Notice that this setting overrides .spec.backoffLimit, which means that if the pod fails and the Job reaches its deadline limit, it will not restart the failing pod. It will stop immediately.
In the following example, we are creating a Job that has both a backoff limit and a deadline:
apiVersion: batch/v1 kind: Job metadata: name: twitter-consumer spec: backoffLimit: 5 activeDeadlineSeconds: 20 template: spec: containers: - name: consumer image: busybox command: ["/bin/sh", "-c"] args: ["echo 'Consuming data'; sleep 1; exit 1"] restartPolicy: OnFailure
In this definition, we are instructing the container to echo some text, sleep for one second, and then exit with a non-zero status (unsuccessful exit). Notice that we intentionally set the deadline to be twenty seconds while the backofflimit is 5. Let’s see what happens when we deploy this job to the cluster:
$ kubectl apply -f my_job.yaml && kubectl get pods --watch job.batch/twitter-consumer created NAME READY STATUS RESTARTS AGE twitter-consumer-kfvrj 0/1 ContainerCreating 0 0s NAME READY STATUS RESTARTS AGE twitter-consumer-kfvrj 1/1 Running 0 4s twitter-consumer-kfvrj 0/1 Error 0 6s twitter-consumer-kfvrj 1/1 Running 1 10s twitter-consumer-kfvrj 0/1 Error 1 11s twitter-consumer-kfvrj 0/1 Terminating 1 20s twitter-consumer-kfvrj 0/1 Terminating 1 20s
As you can see from the above output, the Kubernetes Job started the pod, but since the pod shortly fails, it restarts it. It keeps on restarting the failing pod. But, once the activeDeadlineSeconds is reached (twenty seconds), the job exits immediately although it restarted the pod twice only and hasn’t gotten to the backoffLimit of five.
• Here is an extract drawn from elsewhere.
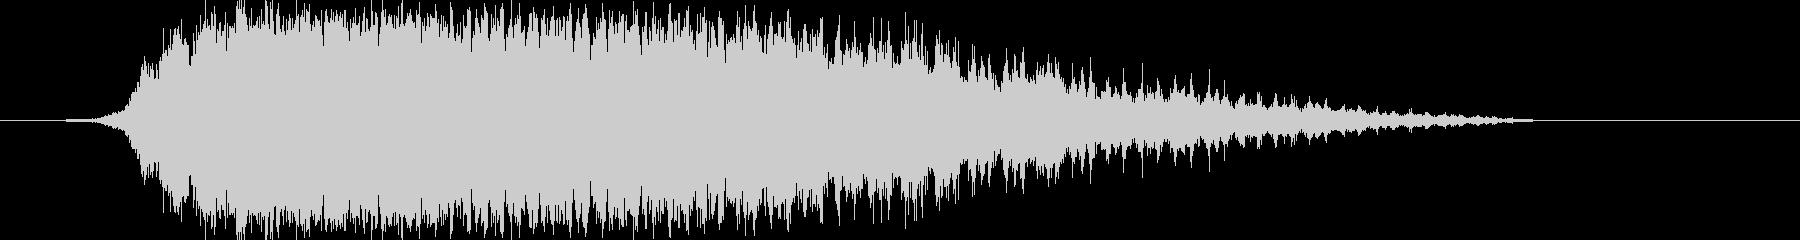 SHARPKNIFEバージョン4の未再生の波形

Kubernetes Job Deletion and Cleanup
When a Kubernetes Job finishes, neither the Job nor the pods that it created get deleted automatically. You have to remove them manually. This feature ensures that you are still able to view the logs and the status of the finished Job and its pods.
A job can be deleted by using kubectl as follows
kubectl delete jobs job_name
The above command deletes the specified Job and all its child pods. Like other Kubernetes controllers, you can opt to remove the Job only leaving its pods by passing the cascade=false flag. For example:
kubectl delete jobs job_name cascade=false
It’s worth noting that there is a new feature in Kubernetes that allows you to specify the number of seconds after which a completed Job gets deleted together with its pods. This feature uses the TTL controller. Notice that this feature is still in alpha state. To use it, we can modify our definition file to look as follows:
apiVersion: batch/v1 kind: Job metadata: name: twitter-consumer spec: backoffLimit: 5 activeDeadlineSeconds: 20 ttlSecondsAfterFinished: 60 template: spec: containers: - name: consumer image: busybox command: ["/bin/sh", "-c"] args: ["echo 'Consuming data'; sleep 1; exit 1"] restartPolicy: OnFailure
This new definition will make sure the finished Job objects will get deleted with their pods after one minute of their completion.
- Kubernetes Jobs are used when you want to create pods that will do a specific task and then exit.
- Kubernetes Jobs do not need pod selectors by default as pods; their labels and selectors are handled automatically by the Job.
- The restartPolicy for a Job accepts “Never” and “OnFailure”
- Jobs use completion and parallelism parameters to control the patterns the pods run through. Job pods can run as a single task, several sequential tasks, or some parallel tasks in which the first task that finishes instructs the rest of the pods to complete and exit.
- You can control how many times a Job attempts to restart a failing pod using the .spec.backoffLimit. This limit defaults to six.
- You can control how long a job will run using the .spec.activeDeadlineSeconds. This limit overrules the backoffLimit. So the Job does not attempt to restart a failing pod if the deadline is reached.
- Jobs and their pods do not get deleted automatically when they finish. You have to manually delete them or use the ttlSecondsAfterFinished controller, which is still in alpha stage as of the time of this writing.